-------- Input data

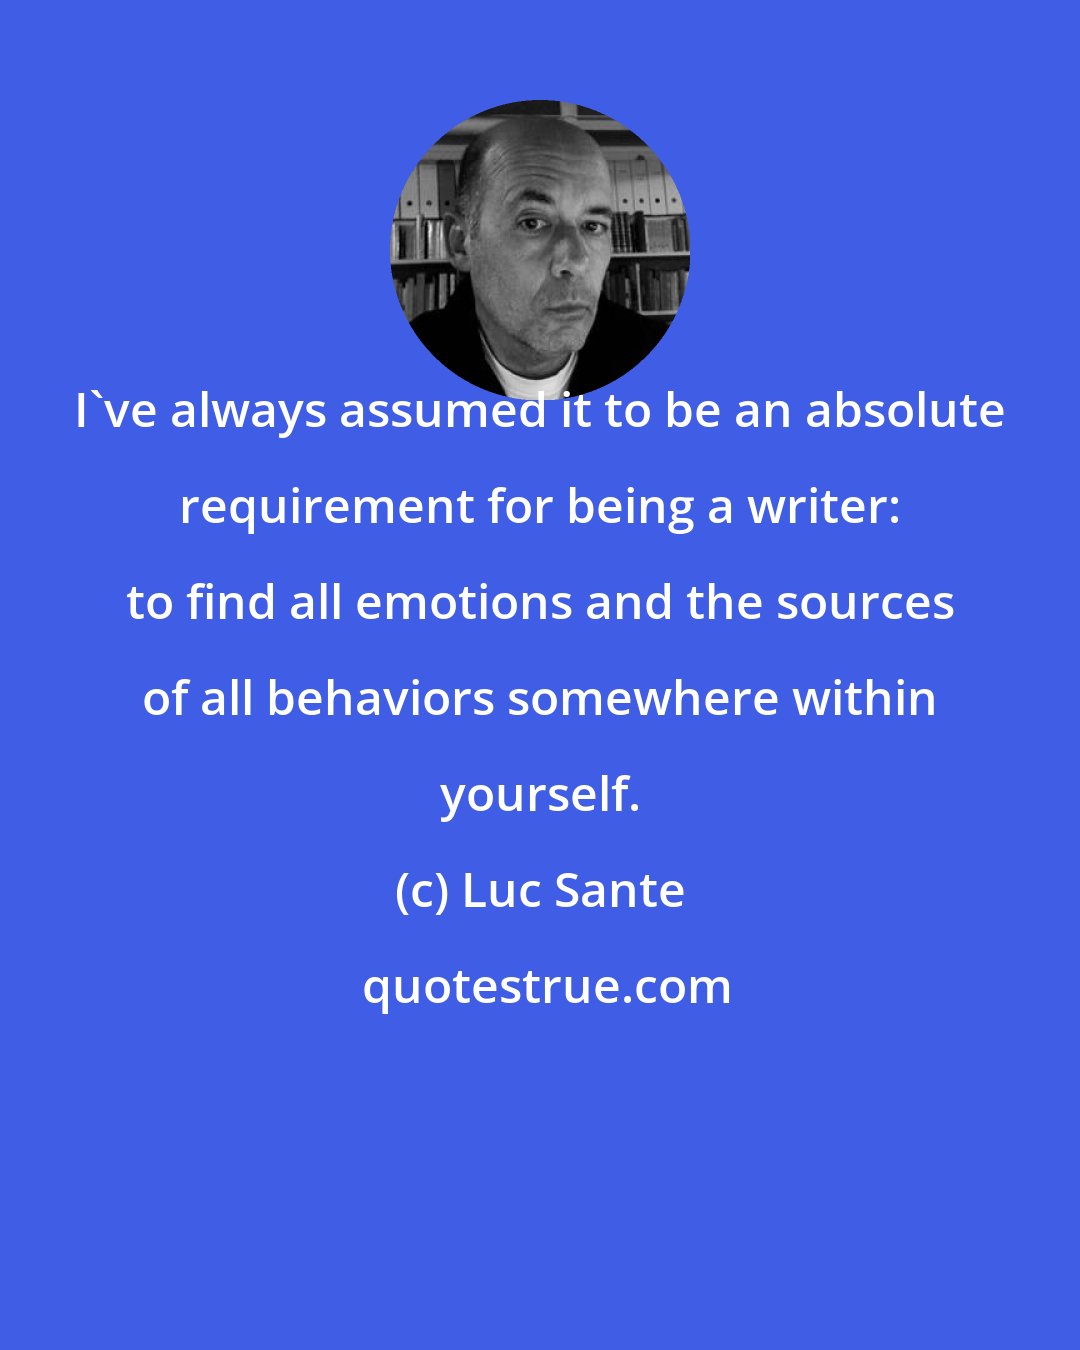 Luc Sante: I've always assumed it to be an absolute requirement for being a writer: to find all emotions and the sources of all behaviors somewhere within yourself.
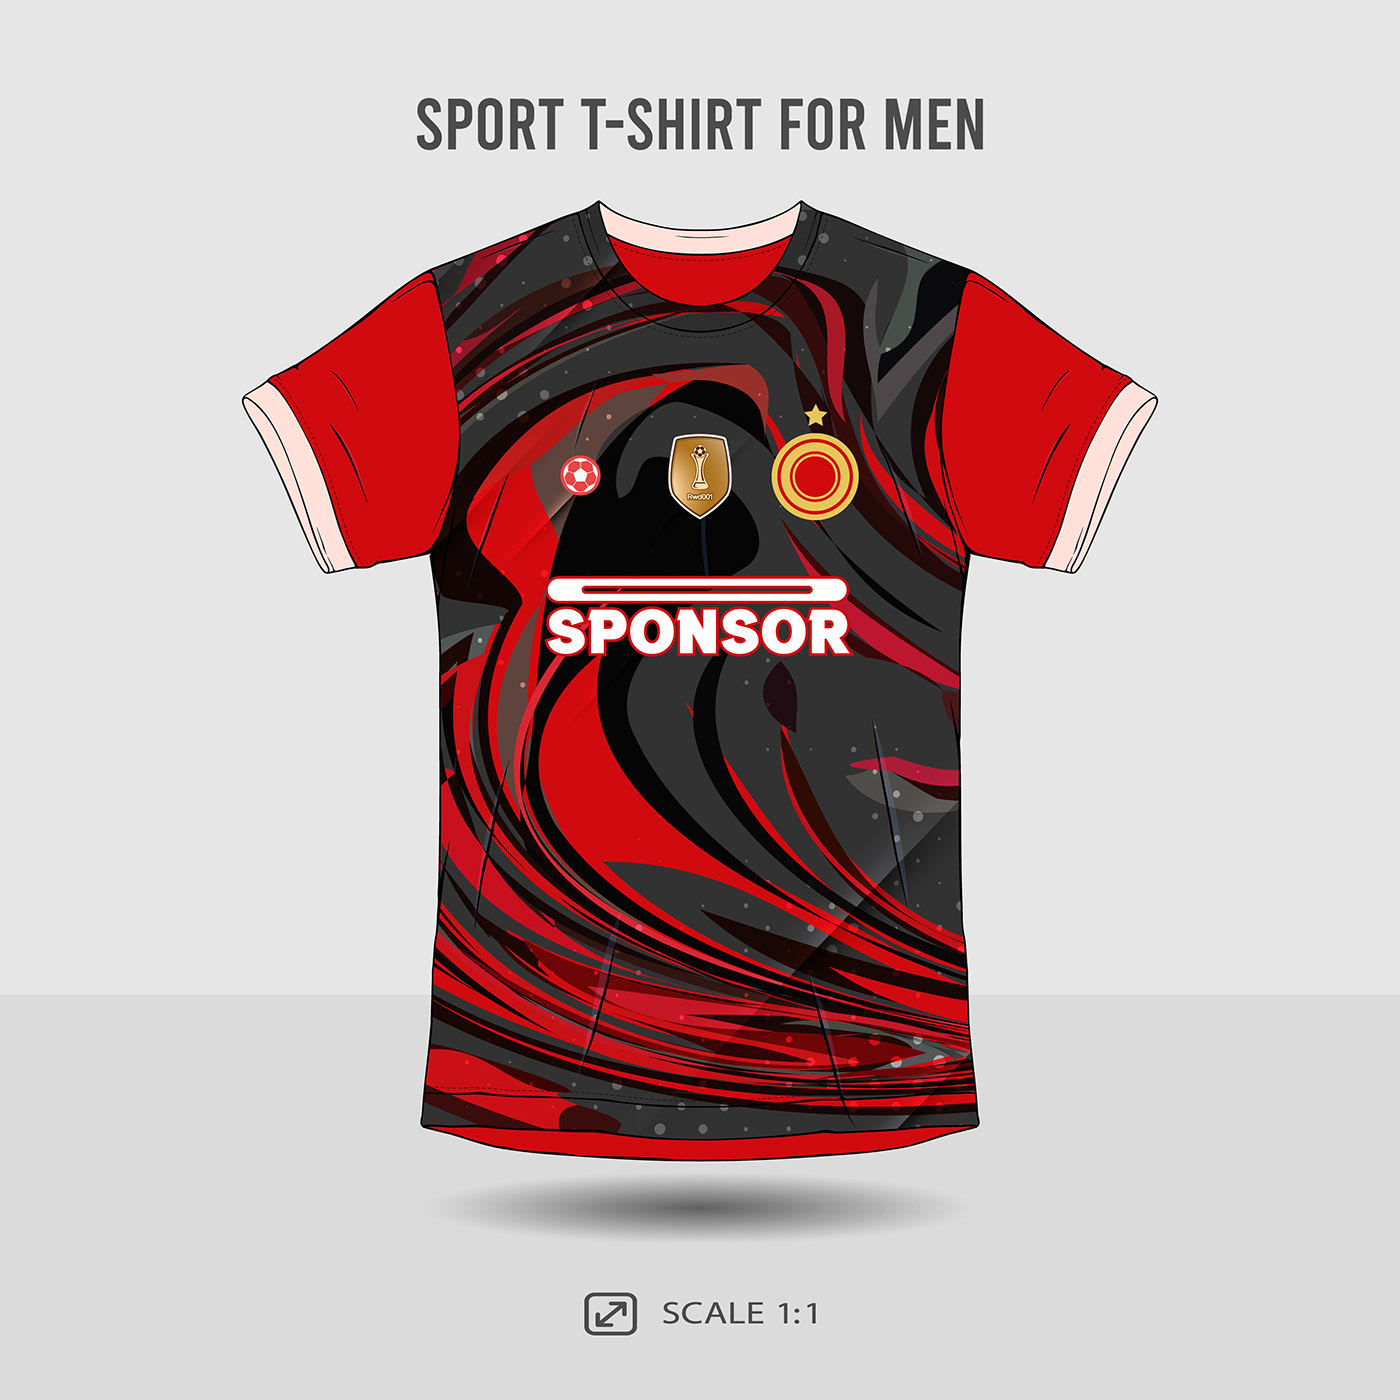 red jersey, black jersey, jersey, sublimation jersey, soccer jersey, blue jersey, jersey design, soc
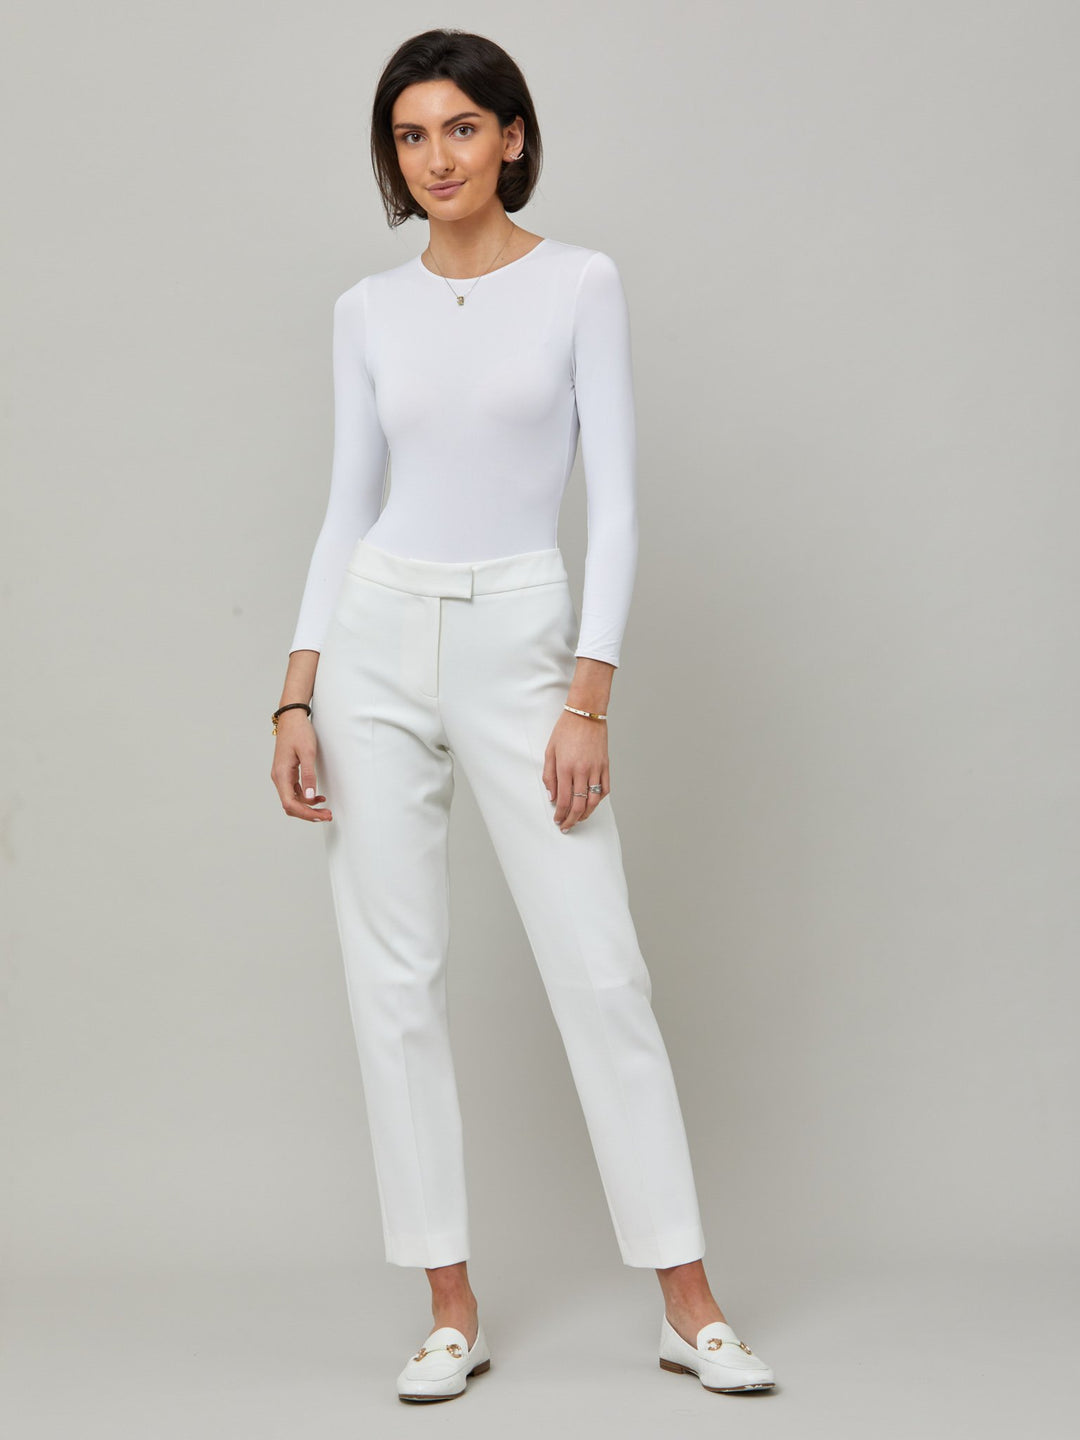 model wearing jill white pant  Investment-worthy, neat narrow-leg trouser with a hint of stretch. A wardrobe staple and HMcA classic, here in optical white.

----------------

→ Aim of the exercise: Please write out, exactly, every line from the line with "red jersey, black" through the final line of the data above, leaving out pictures.

→ Exercise solution:
 red jersey, black jersey, jersey, sublimation jersey, soccer jersey, blue jersey, jersey design, soc
 model wearing jill white pant  Investment-worthy, neat narrow-leg trouser with a hint of stretch. A wardrobe staple and HMcA classic, here in optical white.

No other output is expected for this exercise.